In my previous article (https://www.codemag.com/Article/1907021/Azure-Machine-Learning-Service), I discussed the Azure Machine Learning Service. The Azure Machine Learning Service is at the core of custom AI. But what really ties it together is the Azure Machine Learning workspace.

The process of AI involves working with lots of data, cleaning the data, writing and running experiments, publishing models, and finally collecting real-world data and improving your models. The machine learning workspace provides you and your co-workers with a collaborative environment where you can manage every aspect of your AI projects. You can also use role-based security to define roles within your teams, you can check historical runs, versions, logs etc., and you can even tie it to your Azure DevOps repos and fully automate this process via ML Ops.

In this article, I'll introduce you to all of these and more.

Provision an ML Workspace

Creating an ML workspace is extremely easy. Log into portal.azure.com using an account with a valid Azure subscription, search for Machine Learning Service Workspace, and click on the Create button in the provided blade. You'll be asked to provide a name; for the purposes of this article, choose to create it in a new resource group. The names I picked were sahilWorkspace for the name of the workspace and ML for the name of the resource group. And in just about a minute or so, your Azure Machine Learning service is created.

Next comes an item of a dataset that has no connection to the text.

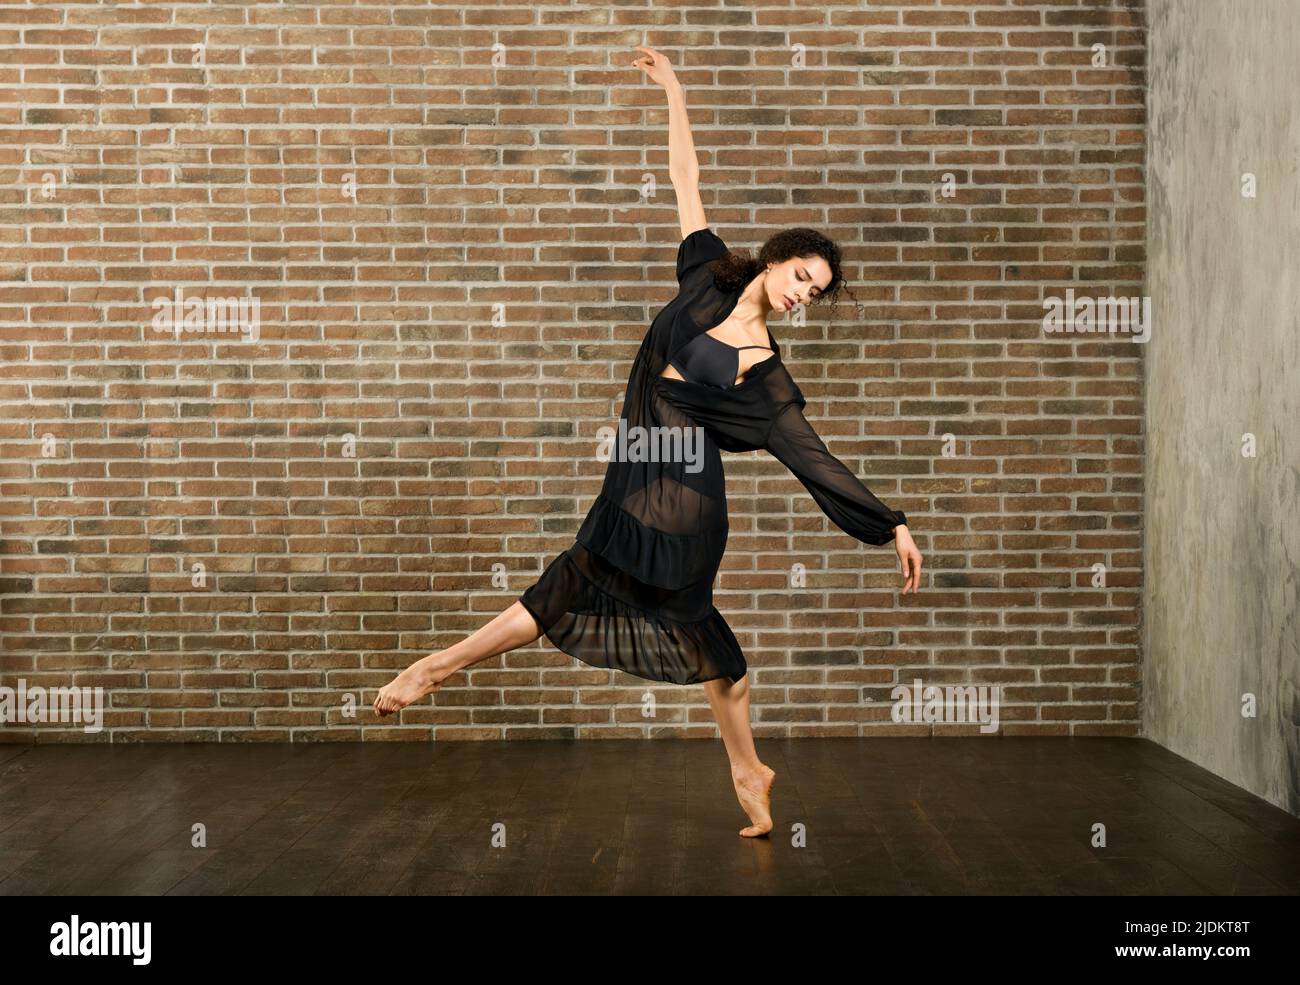 Corpo completo di ballerina femminile flessibile a piedi nudi in piedi su una gamba mentre si prova a ballare contro la parete di mattoni in studio Foto Stock

You may also create an Azure Machine Learning service workspace using the Azure CLI. In order to do so, you first must install the Azure CLI machine learning extension using the command:

az extension add -n azure-cli-ml

You can then create an Azure Machine Learning workspace like this:

az group create -n ML -l eastUS
az ml workspace create -w sahilWorkspace -g ML

Once the workspace is created, you'll notice a number of newly created resources in your subscription, as can be seen in Figure 1.

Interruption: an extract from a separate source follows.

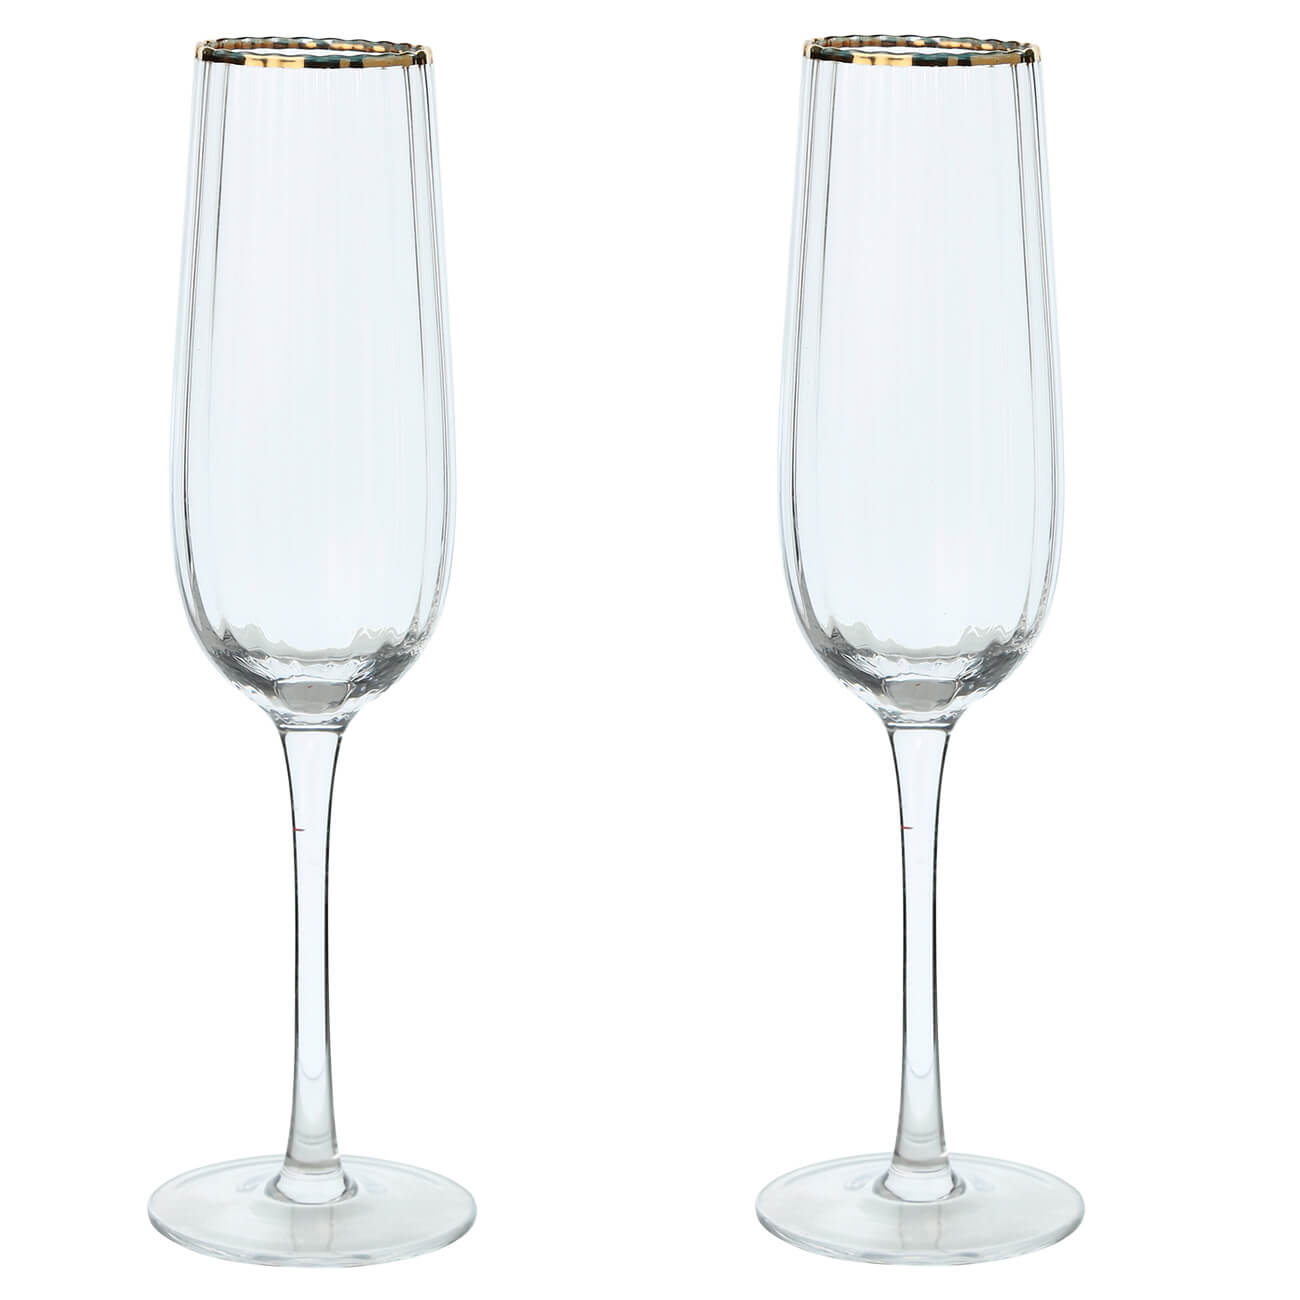 Бокал для шампанского, 275 мл, 2 шт, стекло, с золотистым кантом, Lombardy R Gold бокал шампанского сочиняйте сами

Figure 1: Newly created resources after you provision an ML workspace

As you can see from Figure 1, the Azure Machine Learning workspace depends on a number of other services in Azure. It needs a storage account where it stores details of runs, experiments, logs etc. It needs application insights to provide you with an inflight recorder. It uses a key vault and managed identities to securely talk to all resources it needs. Behind the scenes, you'll also see service principals backing the managed identities. You shouldn't be changing the permissions of those service principals manually or you'll ruin it all.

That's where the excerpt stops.